> DATASET EXTRACT

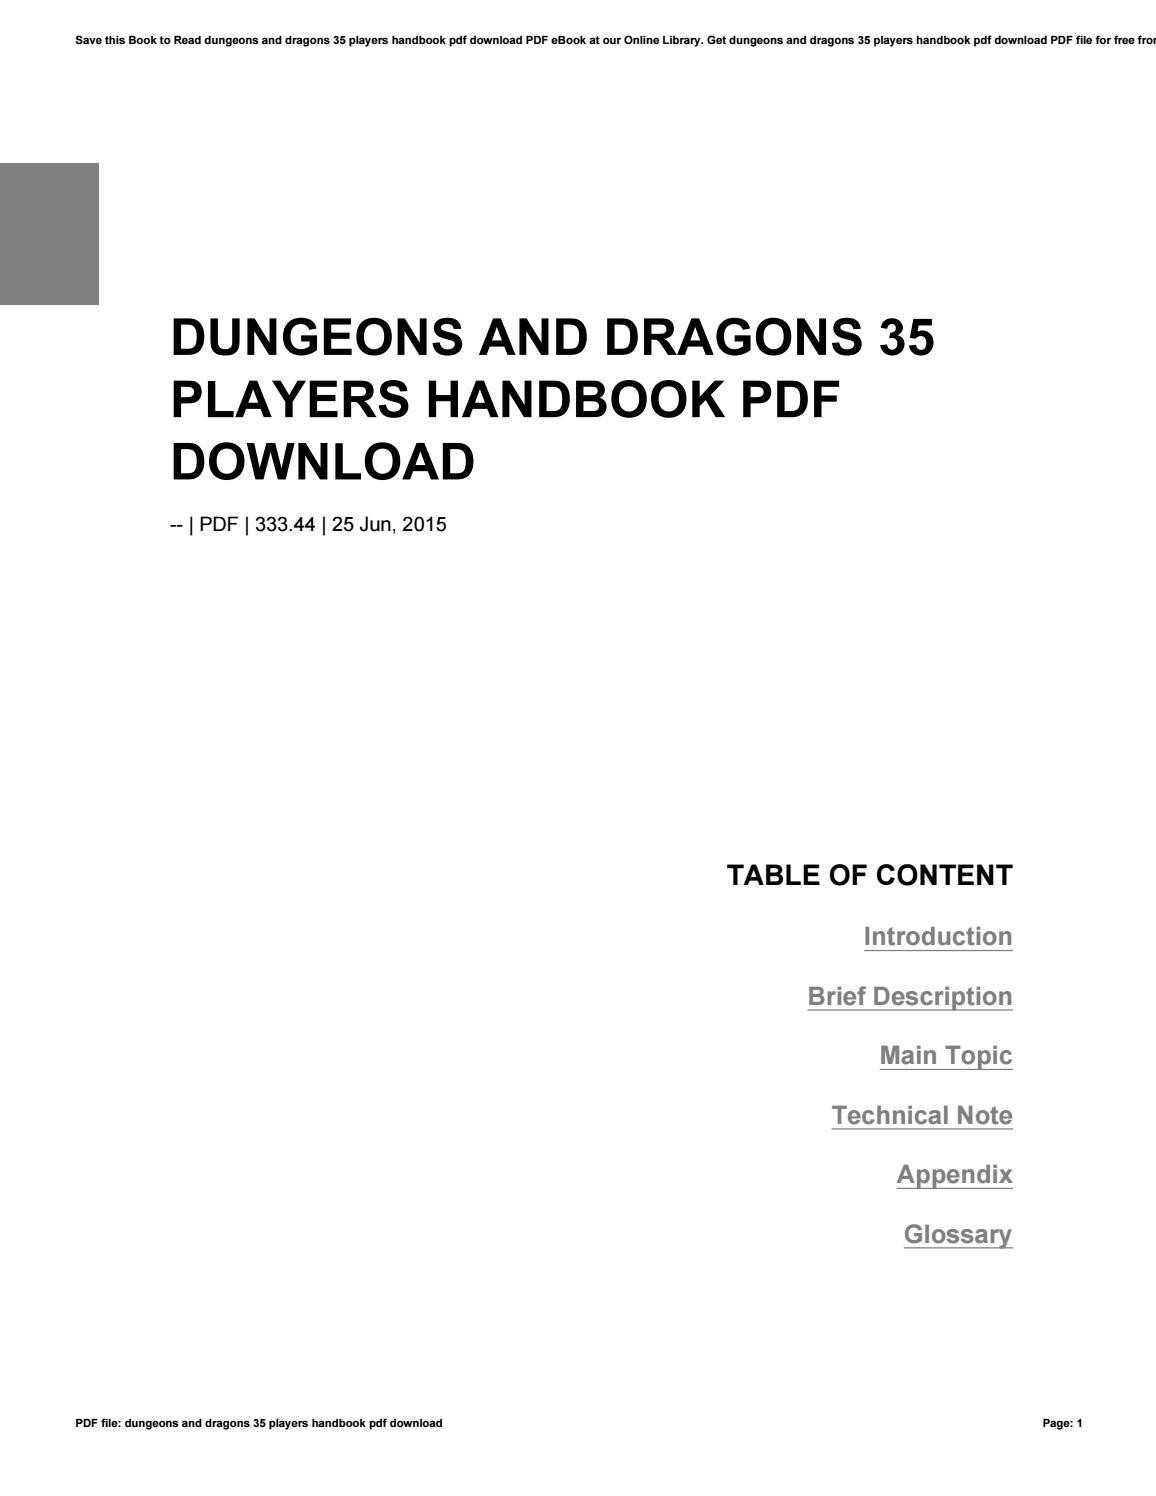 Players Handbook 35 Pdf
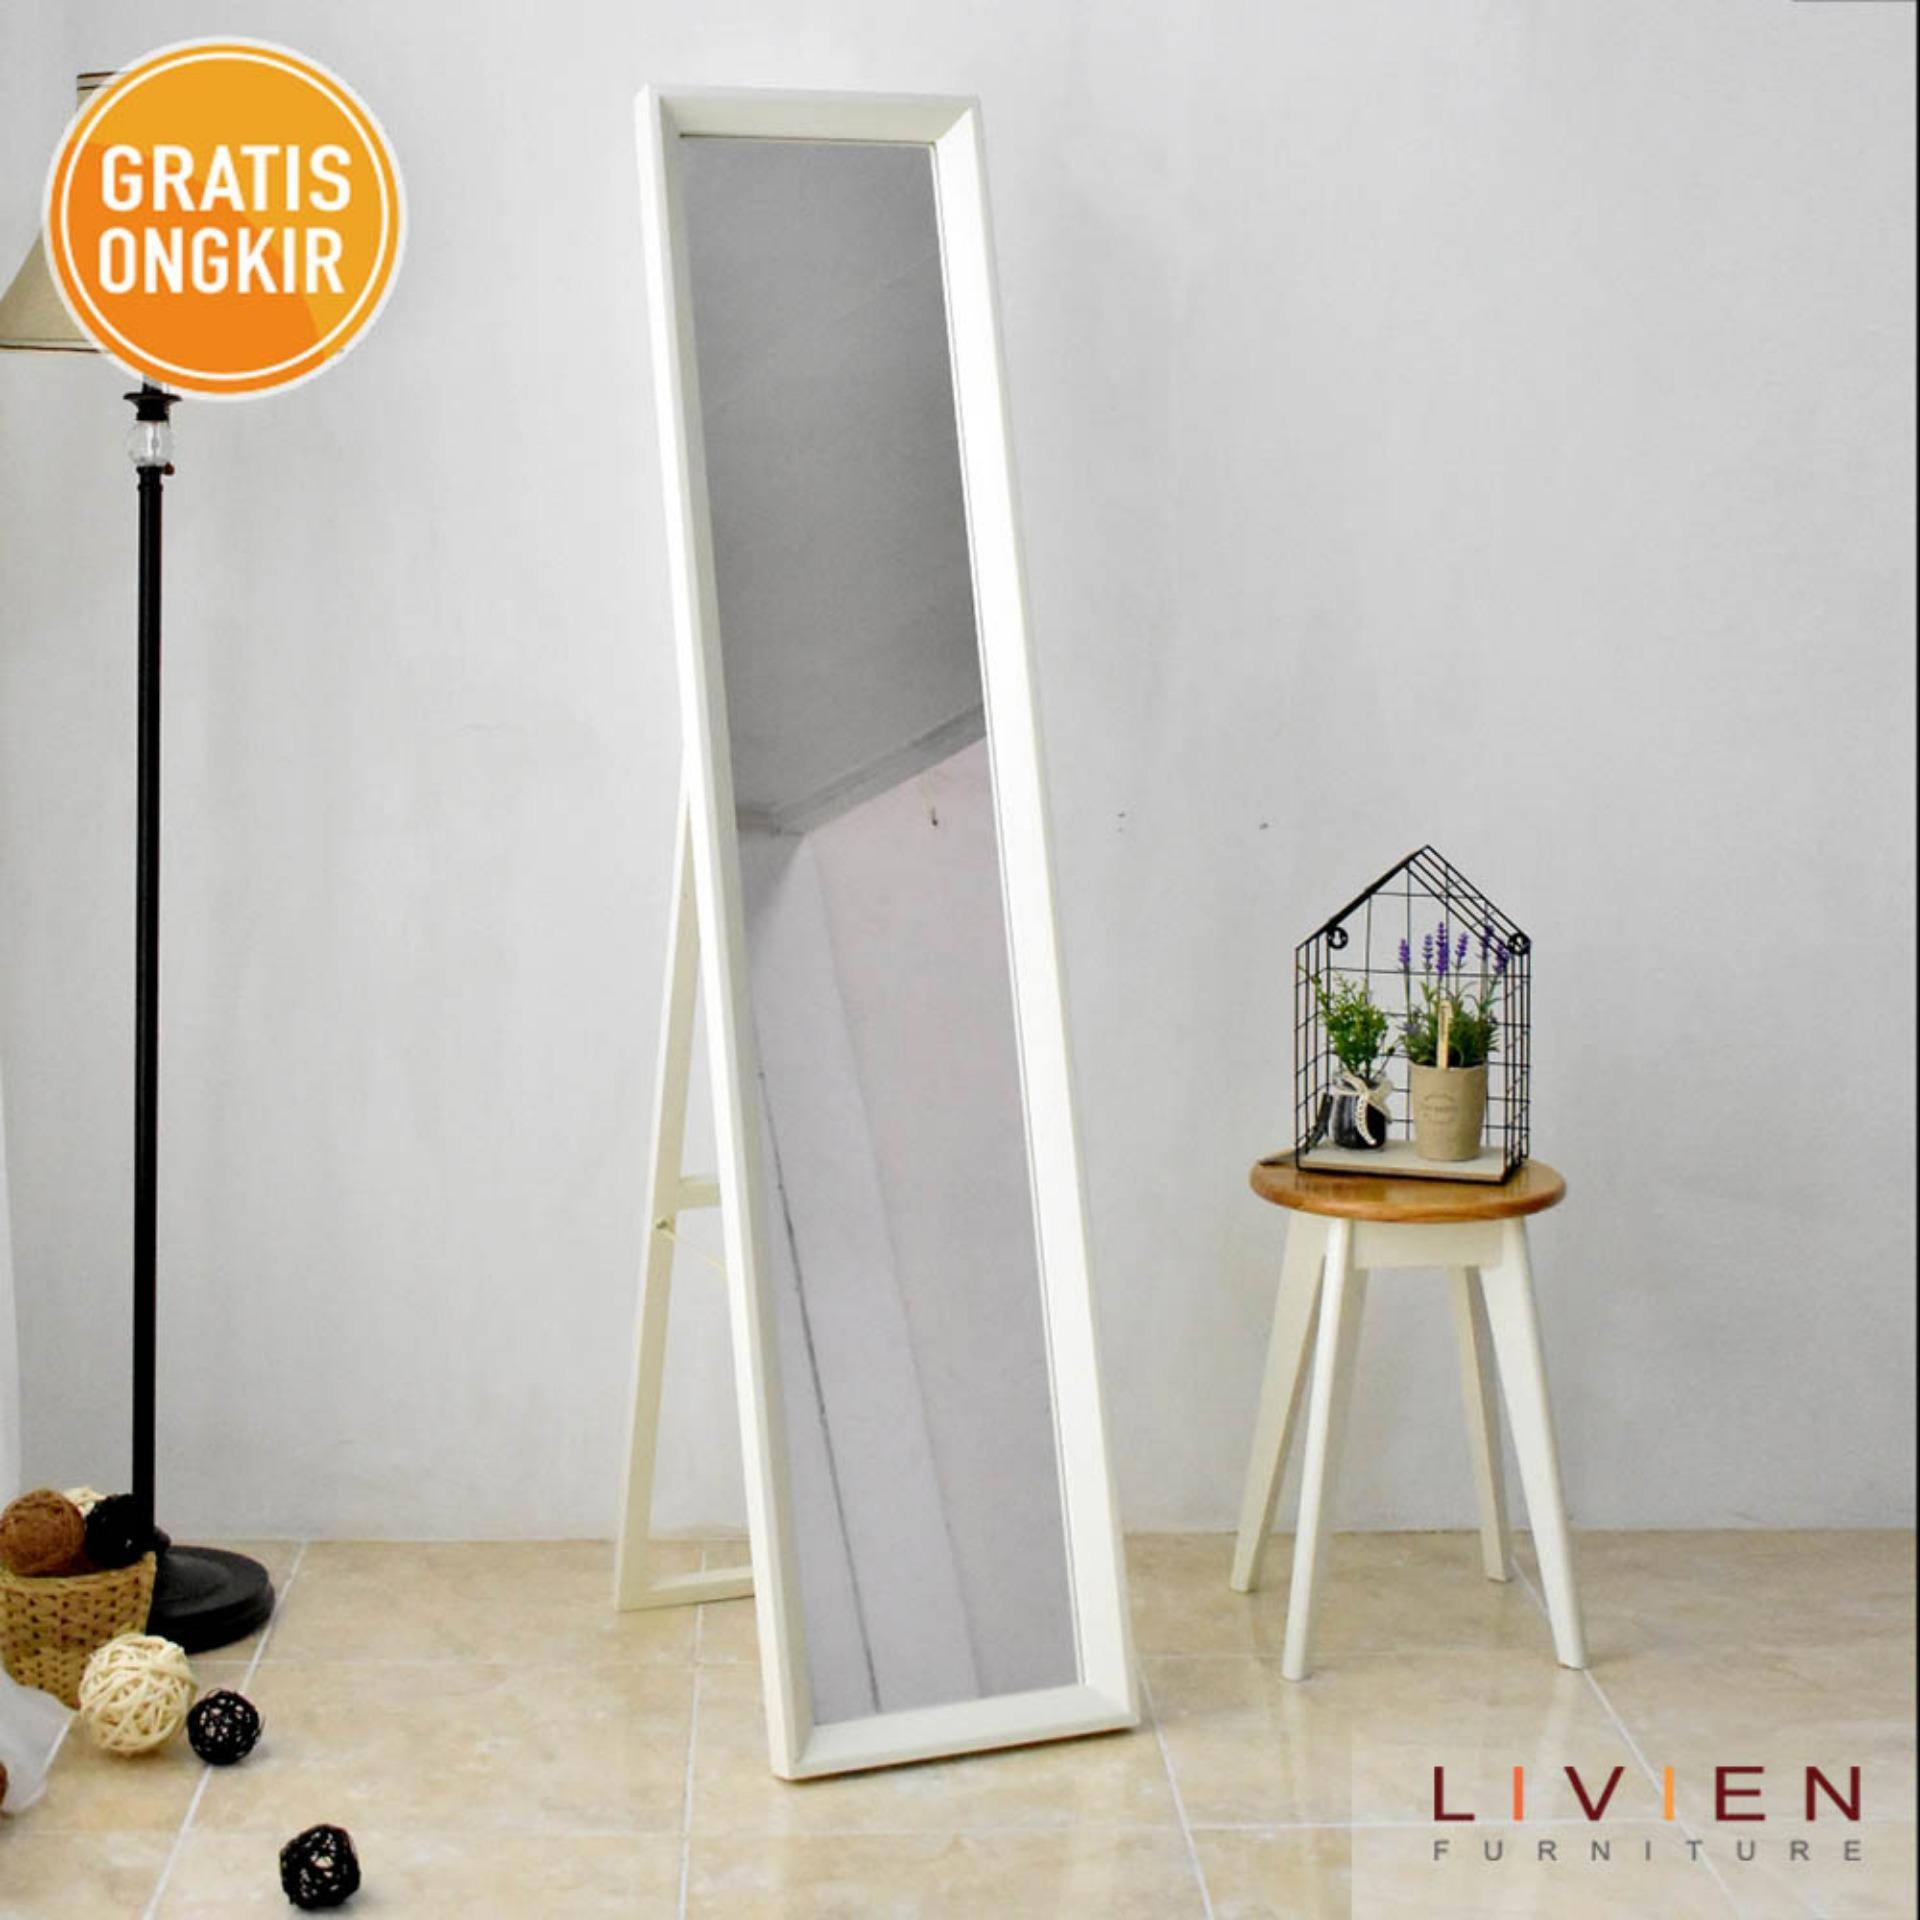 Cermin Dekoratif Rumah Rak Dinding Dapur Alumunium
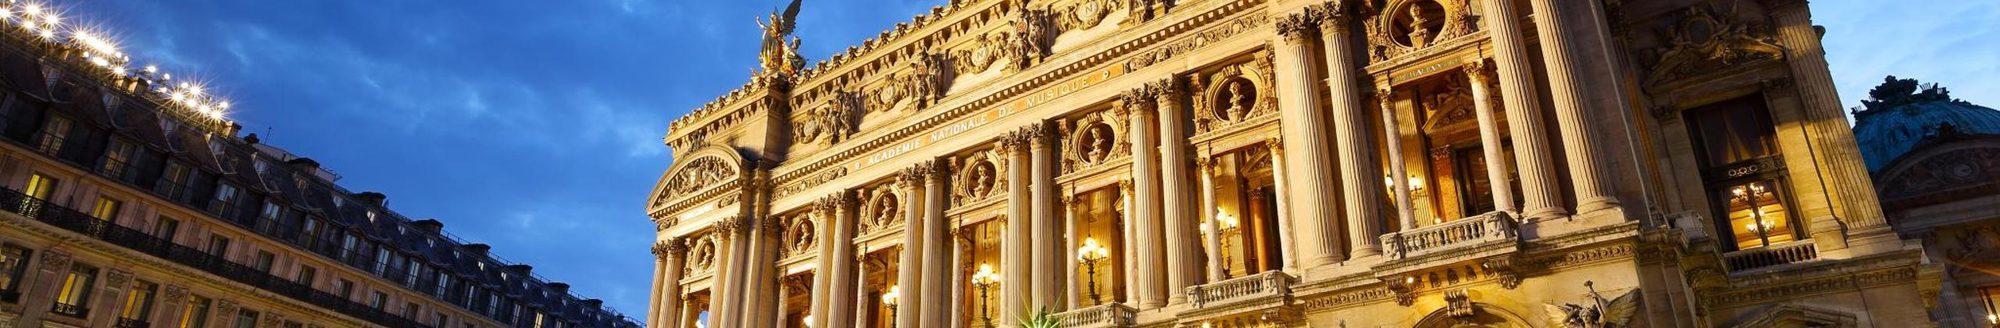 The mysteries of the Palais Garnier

> TASK
Nothing but the lines from the one that contains "Cermin Dekoratif Rumah" through the last line of the material should be written out, exactly. Omit pictures.

> SOLVED PROBLEM
 Cermin Dekoratif Rumah Rak Dinding Dapur Alumunium
 The mysteries of the Palais Garnier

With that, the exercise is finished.